(Source material):
------------

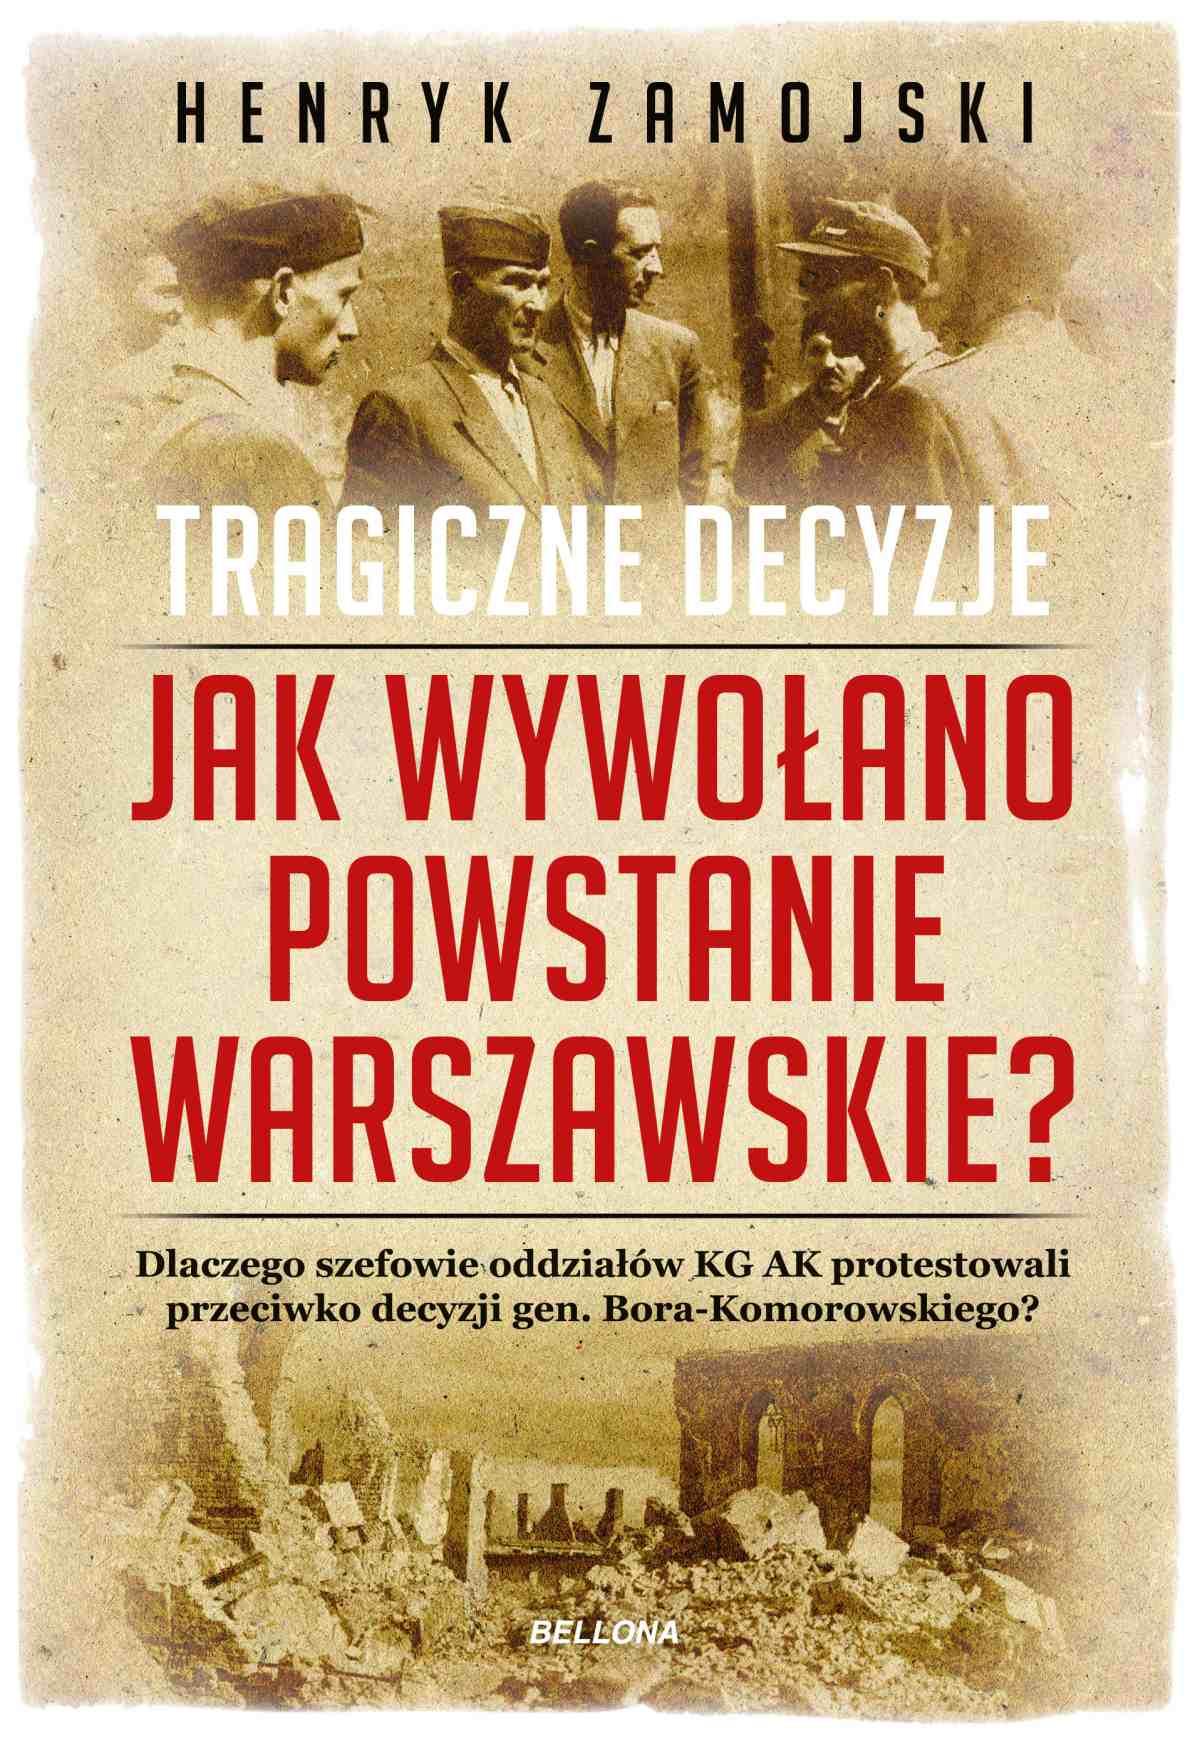 Jak wywołano powstanie warszawskie. Tragiczne dzieje - Ebook (Książka EPUB) do pobrania w formacie EPUB
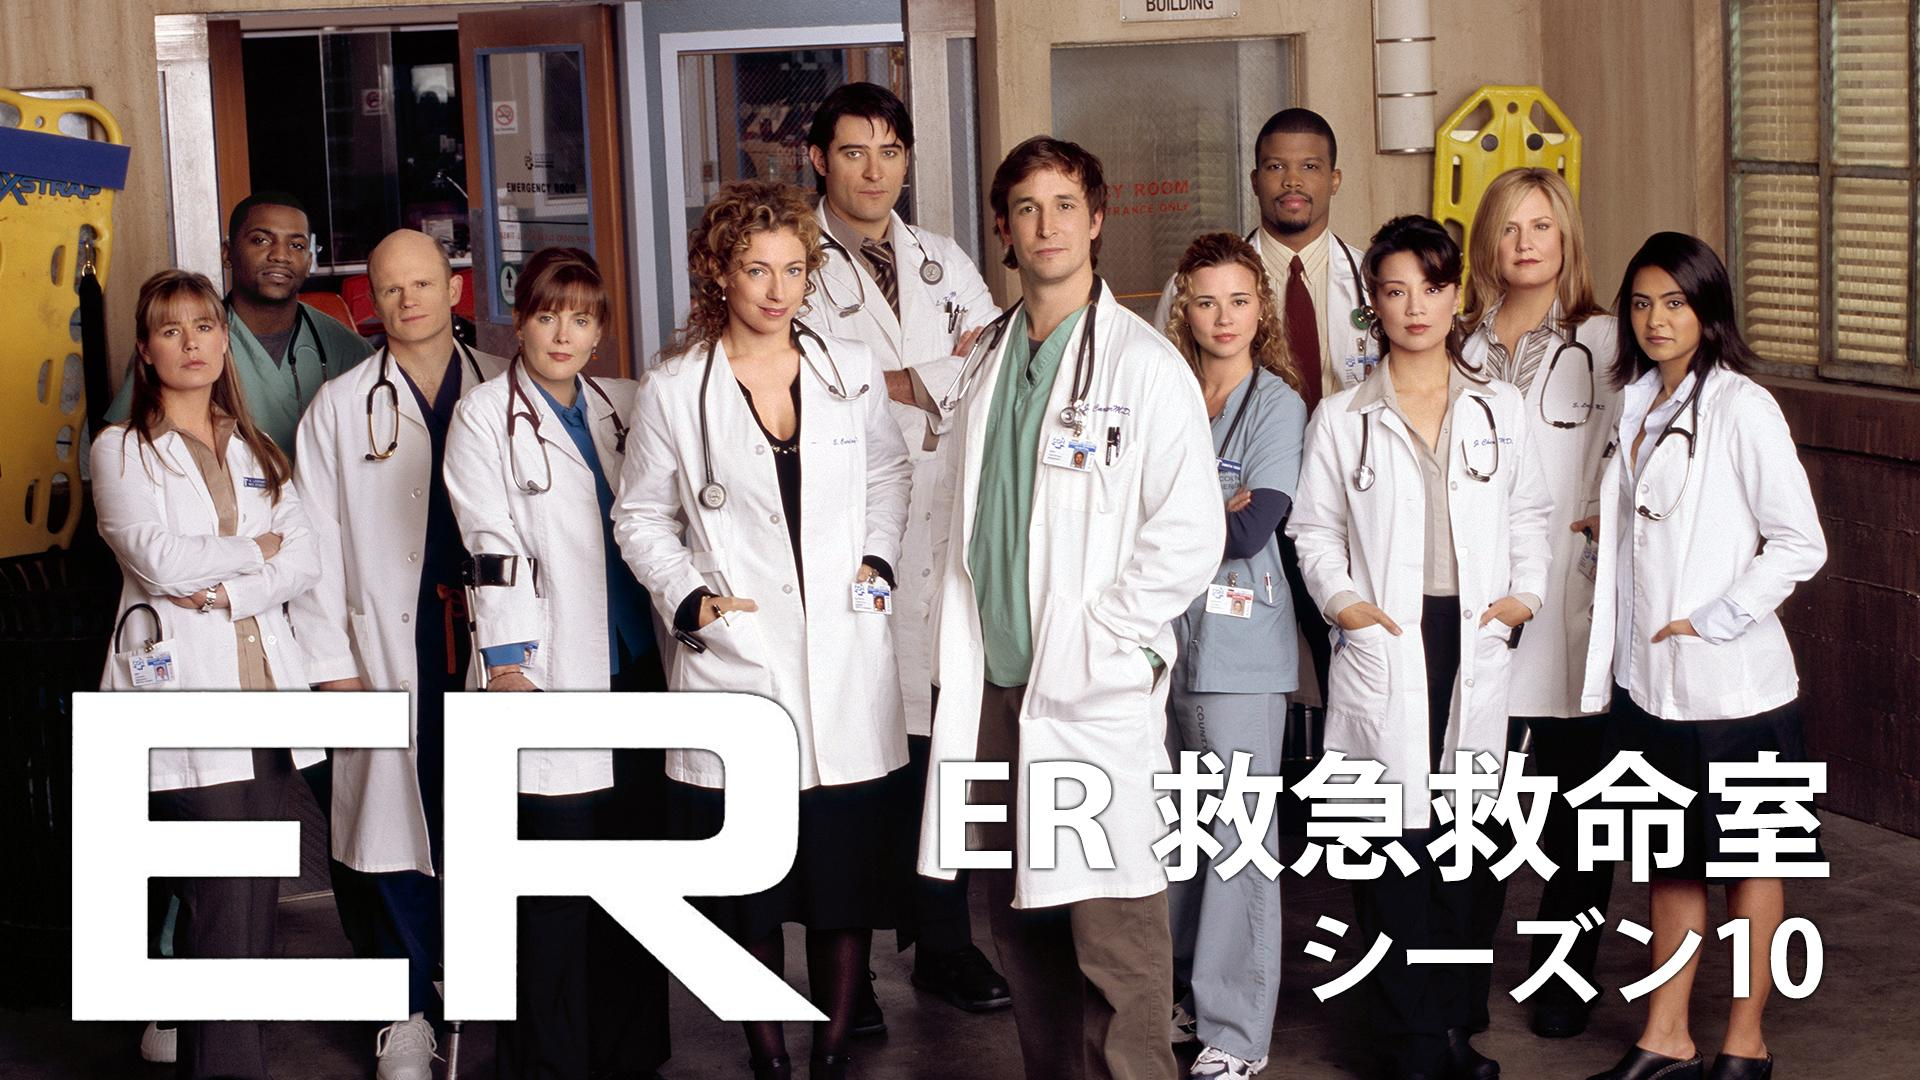 ER 緊急救命室 シーズン10
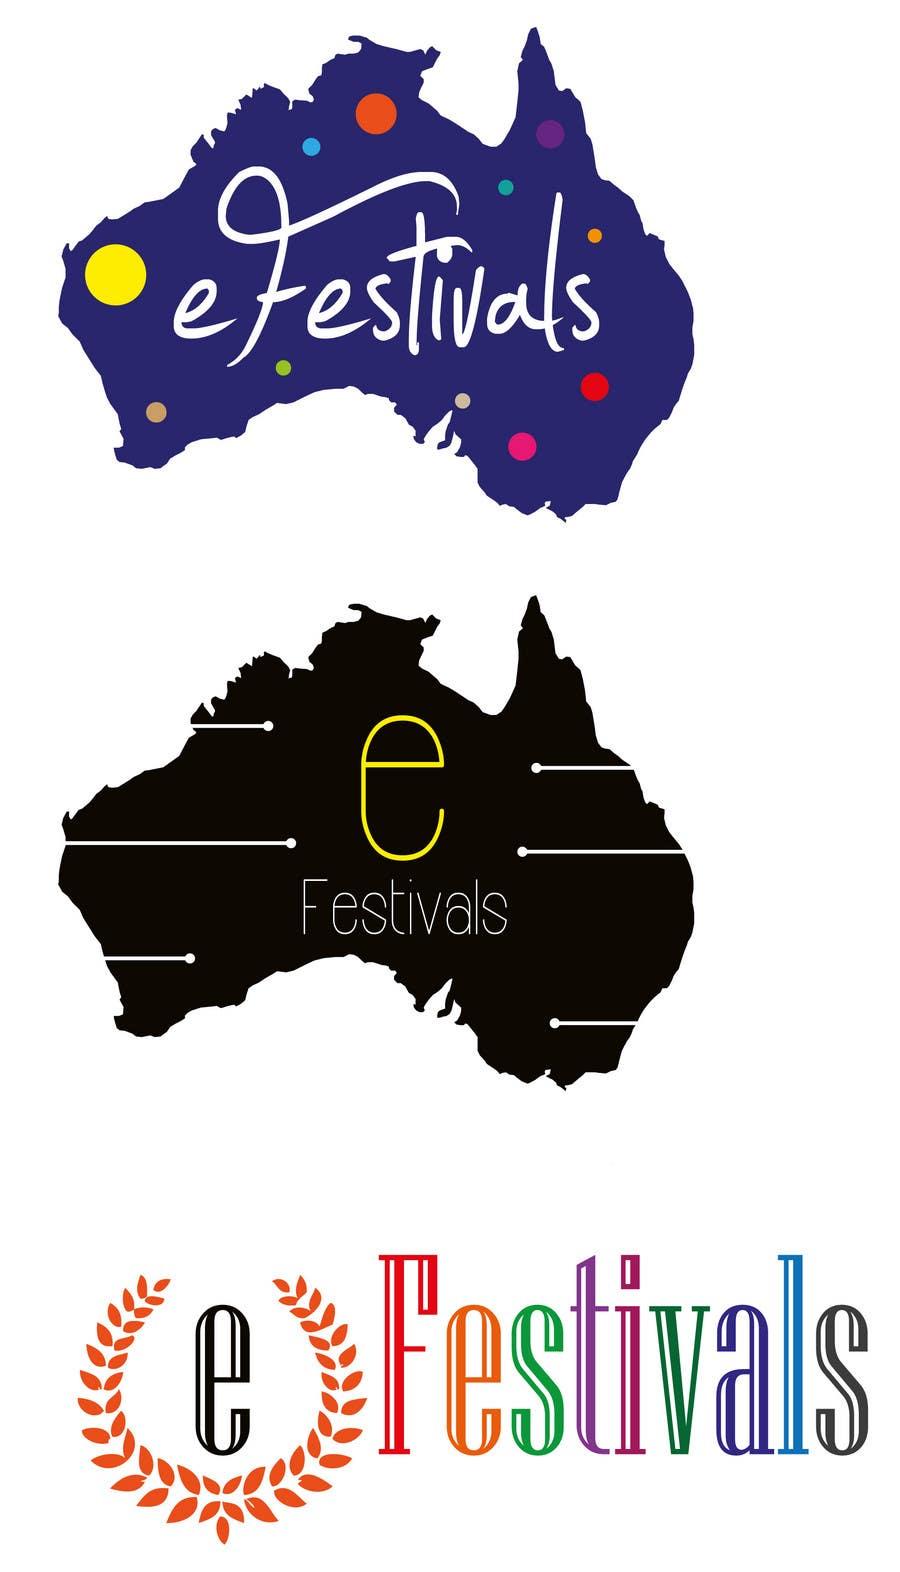 Inscrição nº 21 do Concurso para Logo Design for eFestivals
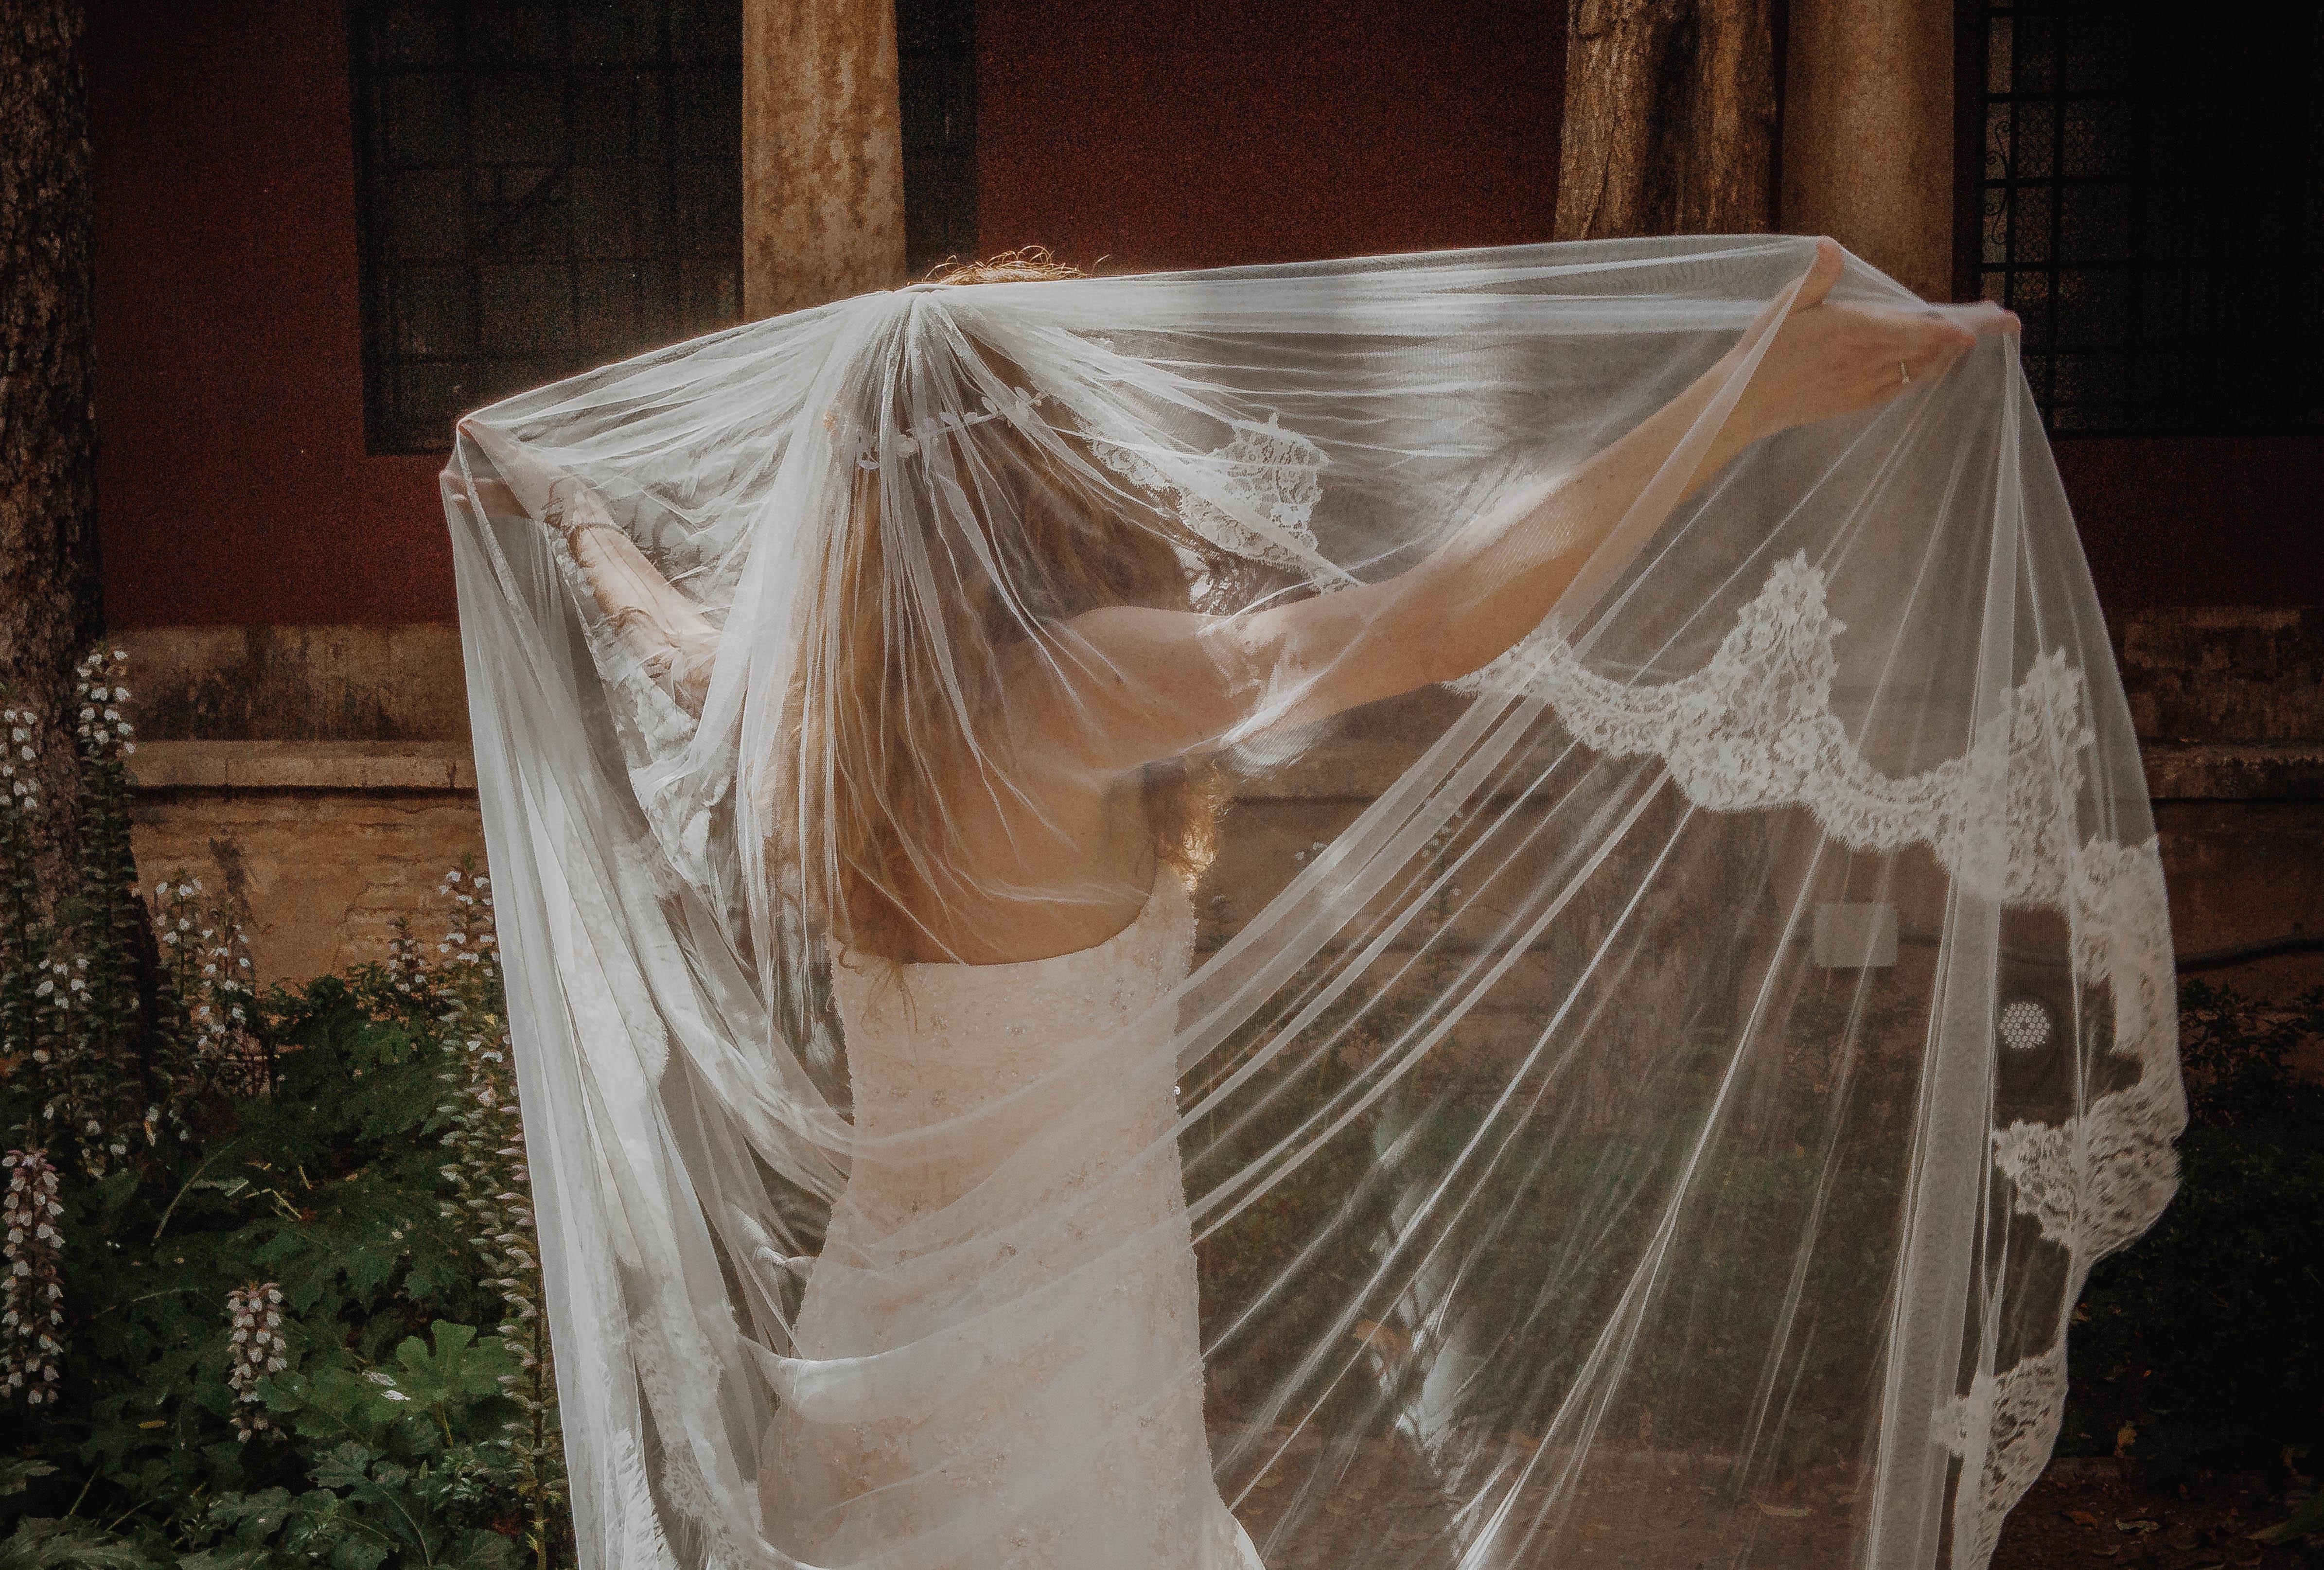 fotografo-de-bodas-valencia-ibiza-alicante-castellon-marbella-madrid-barcelona 14

------------

(Description of the task):
Please ensure that the data above is repeated exactly, with no pictures in the copy.

(Task output):
 Jak wywołano powstanie warszawskie. Tragiczne dzieje - Ebook (Książka EPUB) do pobrania w formacie EPUB
 ER 緊急救命室 シーズン10
 Inscrição nº 21 do Concurso para Logo Design for eFestivals
 fotografo-de-bodas-valencia-ibiza-alicante-castellon-marbella-madrid-barcelona 14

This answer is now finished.